Purses of good old United States of America gold.
Behind Sir Thomas came Queen Elizabeth and her Lady-in-Waiting, Lady Barbara Wilson. They made a beautiful foursome.
"The roulette table," Her Majesty said with dignity. "Precede me."
They pushed their way through the crowd. Most of the customers were either excited enough, drunk enough, or both to see nothing in the least incongruous about a Royal Family of the Tudors invading the Golden Palace. Very few of them, as a matter of fact, seemed to notice the group.
They were roulette players. They noticed nothing but the table and the wheel. Malone wondered what they were thinking about, decided to ask Queen Elizabeth, and then decided against it. He felt it would make him nervous to know.
Her Majesty took a handful of chips.
The handful was worth, Malone knew, exactly five thousand dollars. That, he'd thought, ought to last them an evening, even in the Golden Palace. In the center of the strip, inside the city limits of Las Vegas itself, the five thousand would have lasted much longer—but Her Majesty wanted the Palace, and the Palace it was.

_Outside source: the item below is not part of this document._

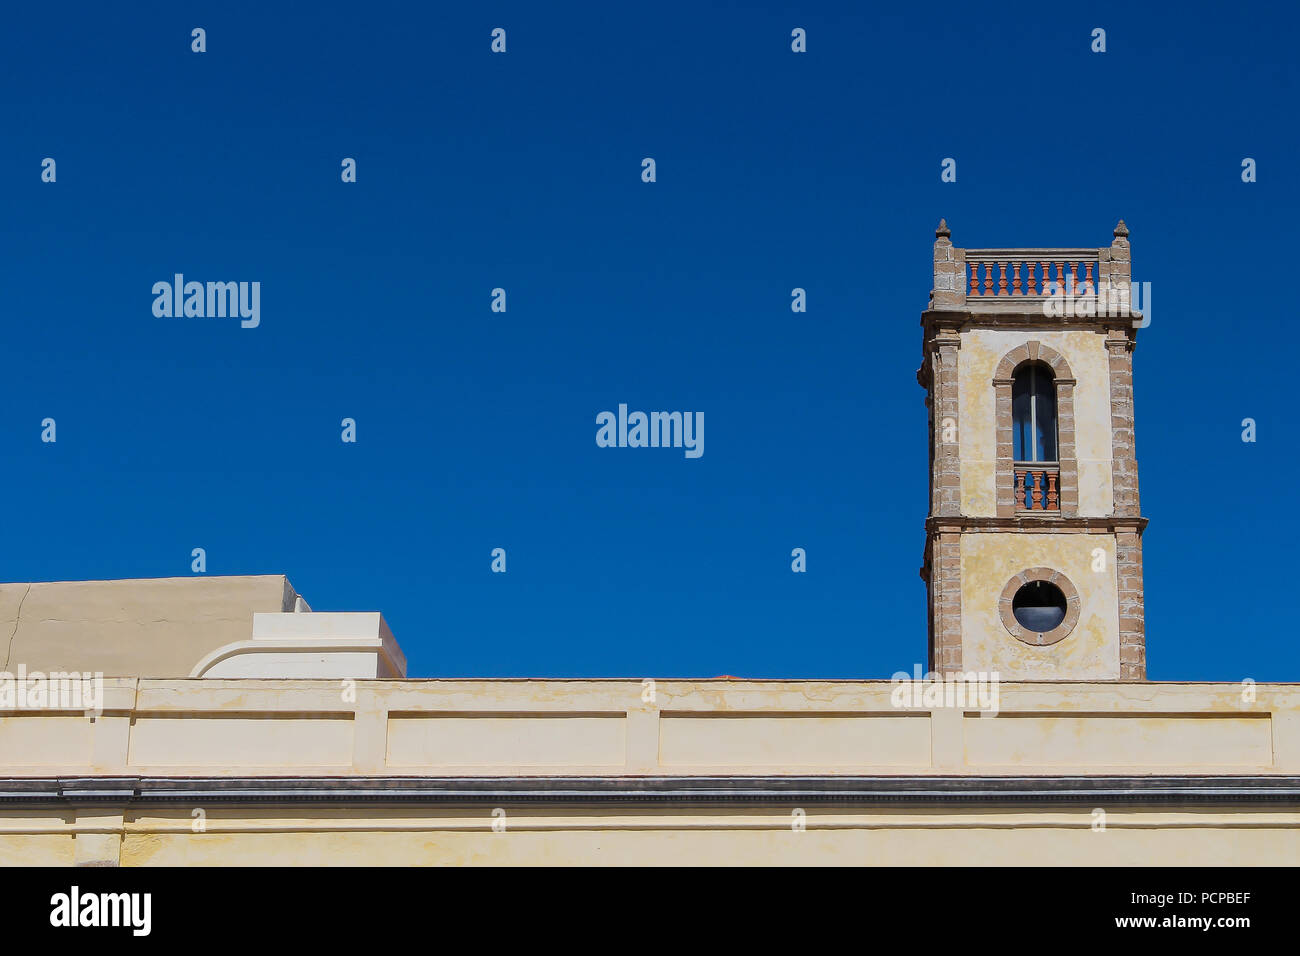 Ligne de la partie supérieure du bâtiment et une tour. L'architecture portugaise dans la forteresse El Jadida, Maroc. Ciel bleu clair lumineux. Banque D'Images

Malone began to smile. Since he couldn't avoid the evening, he was determined to enjoy it. It was sort of fun, in its way, indulging a sweet harmless old lady. And there was nothing they could do until the next morning, anyhow.
His indulgent smile faded very suddenly.
Her Majesty plunked the entire handful of chips—five thousand dollars! Malone thought dazedly—onto the table. "Five thousand," she said in clear, cool measured tones, "on Number One."